Development dependencies

To also install testing and linting tools:

uv add "dbwarden[dev]"

Optional dependency groups

The [postgres] extra is the most commonly used. Install it if you are targeting PostgreSQL.

Group Command Provides
postgres uv add "dbwarden[postgres]" PostgreSQL driver (psycopg2-binary)
mysql uv add "dbwarden[mysql]" MySQL/MariaDB driver (pymysql)
clickhouse uv add "dbwarden[clickhouse]" ClickHouse driver (clickhouse-connect)
fastapi uv add "dbwarden[fastapi]" FastAPI session dependencies, health router, migration router, metrics router, Redis lock
metrics uv add "dbwarden[metrics]" Prometheus metrics endpoint (prometheus-client)
sandbox uv add "dbwarden[sandbox]" Sandbox migration testing via testcontainers

Combine groups as needed:

uv add "dbwarden[postgres,mysql,fastapi]"

Database drivers

DBWarden uses SQLAlchemy under the hood. The recommended way to install drivers is via the extras above:

# PostgreSQL
uv add "dbwarden[postgres]"

# MySQL/MariaDB
uv add "dbwarden[mysql]"

# ClickHouse
uv add "dbwarden[clickhouse]"

# SQLite comes bundled with Python

You can also install drivers directly if you prefer:

uv add psycopg2-binary    # PostgreSQL
uv add pymysql            # MySQL / MariaDB
uv add clickhouse-connect # ClickHouse

Verify installation

After installing, confirm DBWarden is available:

$ dbwarden version

You should see output:

0.9.4

Initialize in your project

Create the DBWarden structure in your project directory:

$ dbwarden init

This creates:

  • a migrations/ directory structure
  • a dbwarden.py config scaffold (or discovers your existing config source)

What happens during init

When you run init, DBWarden:

  1. Creates migrations/ if missing
  2. Creates dbwarden.py (or updates existing config source) with import scaffolding
  3. Does not overwrite existing database_config(...) definitions you have added

You can run init safely on an existing project - it is idempotent.

Quick configuration

After init, configure your first database by editing dbwarden.py (or your existing config file that contains database_config(...) calls):

from dbwarden import database_config


primary = database_config(
    database_name="primary",
    default=True,
    database_type="postgresql",
    database_url_sync="postgresql://user:password@localhost:5432/mydb",
    dev_database_type="sqlite",
    dev_database_url="sqlite:///./development.db",
)

The dev_database_* fields are optional but recommended - they enable fast local iterations with --dev.

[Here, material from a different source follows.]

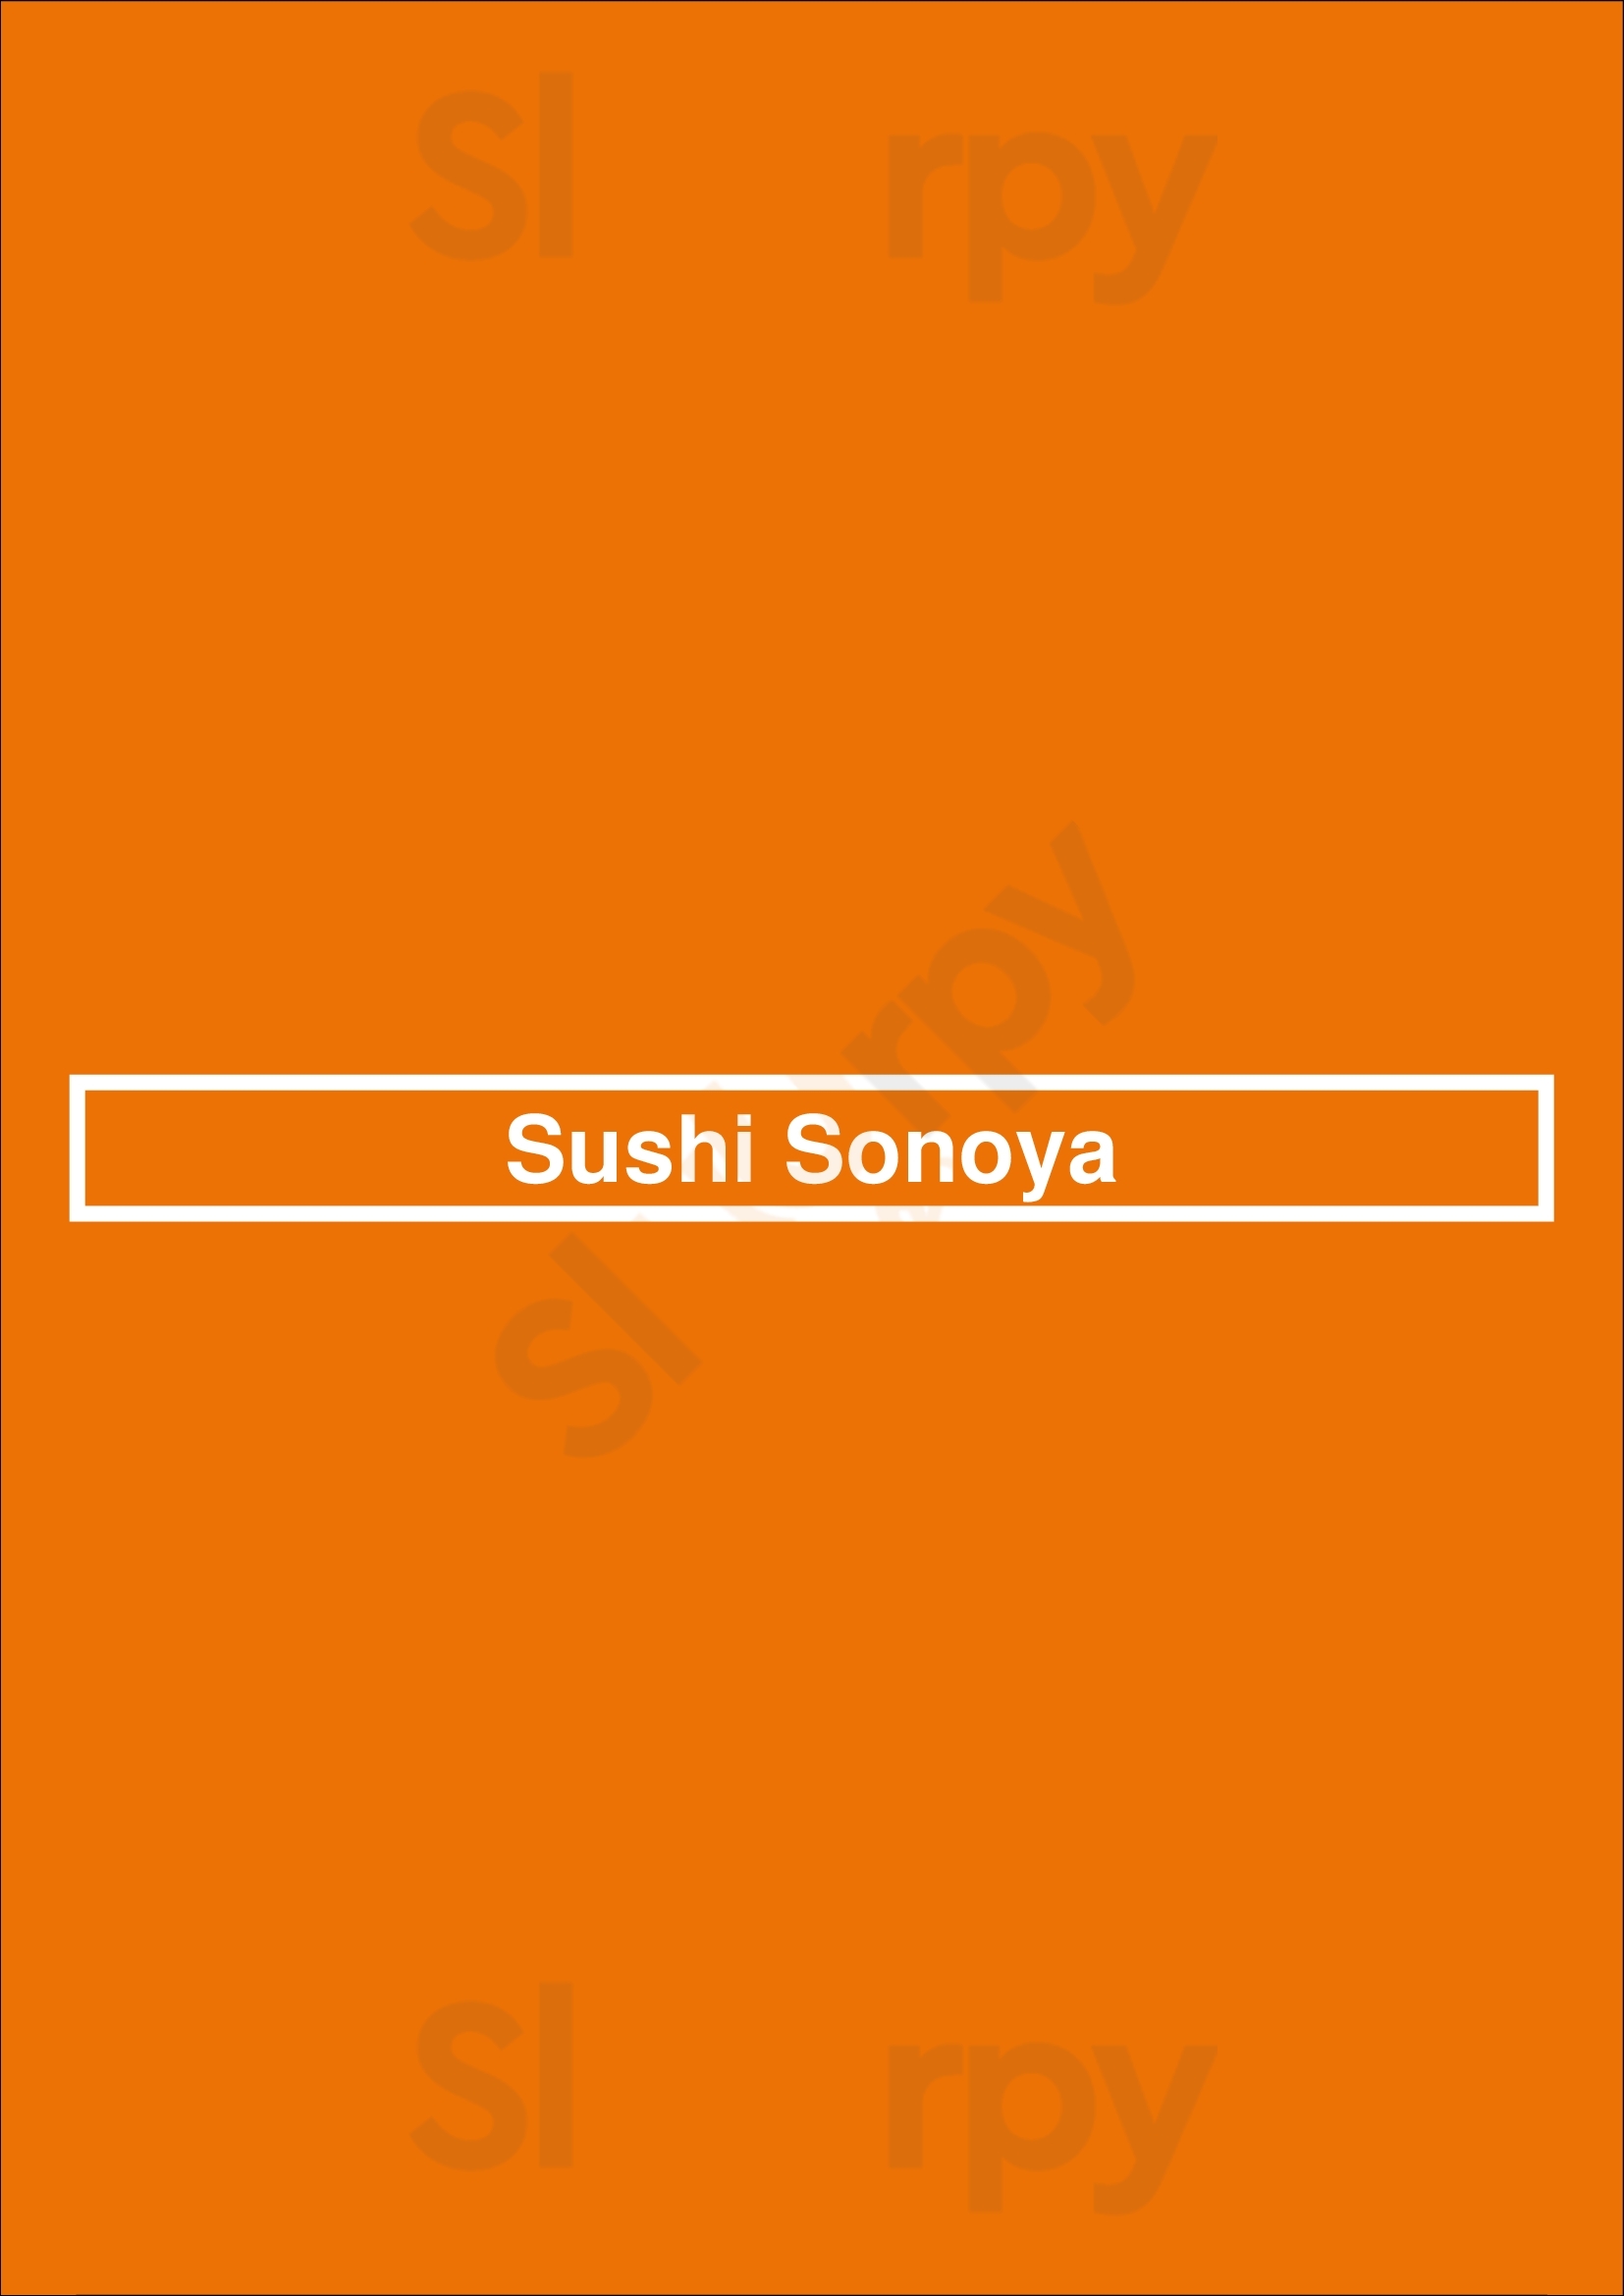 Sushi Sonoya Vancouver Menu - 1

Verify configuration loads

$ dbwarden settings show --all

You should see your database entry printed with type and URL.

Common installation issues

Command not found after uv add

  • Ensure your virtual environment is activated
  • Try removing and re-adding: uv remove dbwarden && uv add dbwarden

Import errors or missing module warnings

  • Upgrade uv and reinstall: uv add --upgrade dbwarden

Database driver errors

  • Install the appropriate driver for your target database (see Database drivers section above)

Upgrading

To update to a newer version:

uv add --upgrade dbwarden

Or with poetry:

poetry update dbwarden

Check the release notes when upgrading major versions - there may be configuration or workflow changes.